Теперь было слишком опасно продолжать путь вдоль гребня: вся равнина была покрыта легкой зыбью, то тут, то там возникали черно-синие вихри. Открывшаяся перед ними расселина в скалах казалась более безопасным местом. И они направились туда.
Перед ними открылся город, построенный все теми же гигантами в середине горной цепи. Удивительно, что такая могущественная (если судить по сказочной архитектуре) раса исчезла, не оставив других следов. Подземный комплекс казался особенно сложным: огромные массы камня были удалены, пробуравлены, как соты в ульях. Валеран включил свой фонарь: странные колоннады раздваивались, переплетались. Сквозь стены из прозрачного кварца были видны другие причудливые строения, площади в форме звезд и удивительные конструкции выступали из горного массива. И напрасно пытался он отнести их к какой-то определенной стадии или к определенному стилю в развитии цивилизации. Казалось, что эти древние познали все: пирамиды и зодиакальный круг, террасы на усеченных столбах, акведуки и мосты-туннели. Сами стены были украшены скульптурами, менее изысканными, чем в городе-библиотеке, но сохранившими удивительную отделку: эрозия совсем не затронула их. Горельефы являли целый мир гигантских существ, чаще всего гуманоидов. Это были картины жизни, эпопеи, истории исчезнувшего мира, который возникал на этих стенах с невиданной силой и яростью. Гармоничные существа со сложенными крыльями и другие, бесформенные и расплывчатые, и еще другие, похожие на облака, строили свои города, засевали поля, завоевывали планеты. Фантастическая цивилизация оставила здесь свое описание: географические и астрономические карты, схемы прекрасных механизмов. Когда Валеран прикоснулся к одной из ниш, она запела. Это была далекая мелодия, как будто ее стерли века, грустная и медленная. По мере того как отряд углублялся в подземные лабиринты, фрески становились более хаотичными и противоречивыми. Среди них было изображение, которое Валеран легко узнал, и которое повторялось сотни раз: нечто похожее на небесную воронку, спираль, напоминавшую столб из песка и молний. Это изображение появлялось чаще всего среди ужасного месива из разбегающихся, расчлененных, летящих по воздуху тел, среди рушащихся зданий и огненных смерчей. Оно стало настоящим символом конца света, оставшегося во тьме веков.
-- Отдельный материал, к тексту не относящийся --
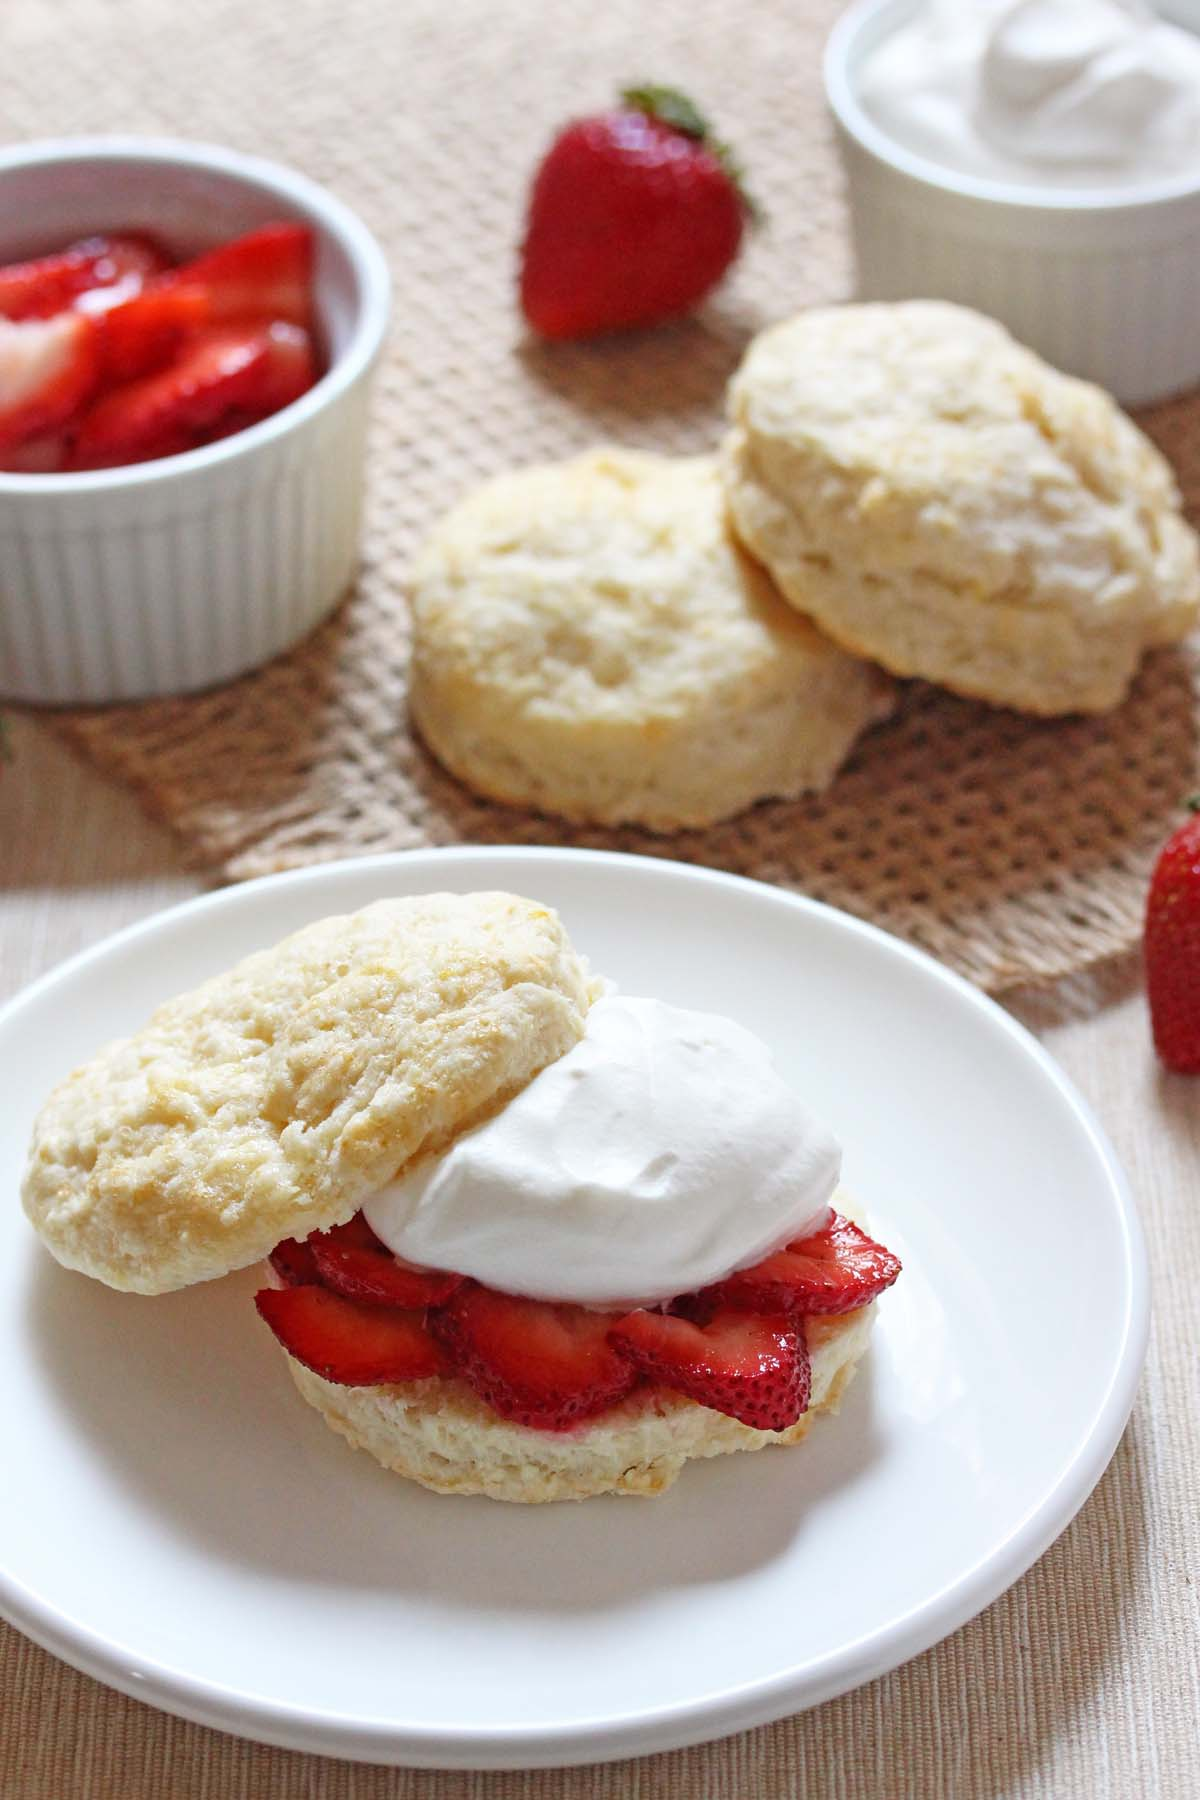 Strawberry Shortcakes from Ashley Marie's Kitchen

— Так вот что их убило… — прошептал Валеран.
Его спутники в молчании продвигались вперед. Этот грандиозный мертвый город странно действовал на нервы. Вдруг Глопа упал, покатился и, остановившись у ноги Ральфа, что-то глухо прокудахтал. И Черный Принц увидел: проспект из кристаллической породы поднимался к портику, за которым начинался мрак более плотный и более темный, чем тот, который царил в подземелье. А ведь на равнине в это время было светло…
— Ну, ладно, — сказал Валеран. — Попытаемся понять. В этом же нет ничего сверхъестественного: ведь Антигона сравнительно небольшой мир с невысоким уровнем гравитации. Мы пересекли подземелье по прямой, то, что я вижу — не может быть антимиром. Это просто ночная сторона Антигоны. Поднимаемся.
— Не ходить туда! Не ходить туда! — бормотал Глопа в трансе, он отвратительно трусил. — Человек-медицина, ночь. Бездна Тьмы! Не…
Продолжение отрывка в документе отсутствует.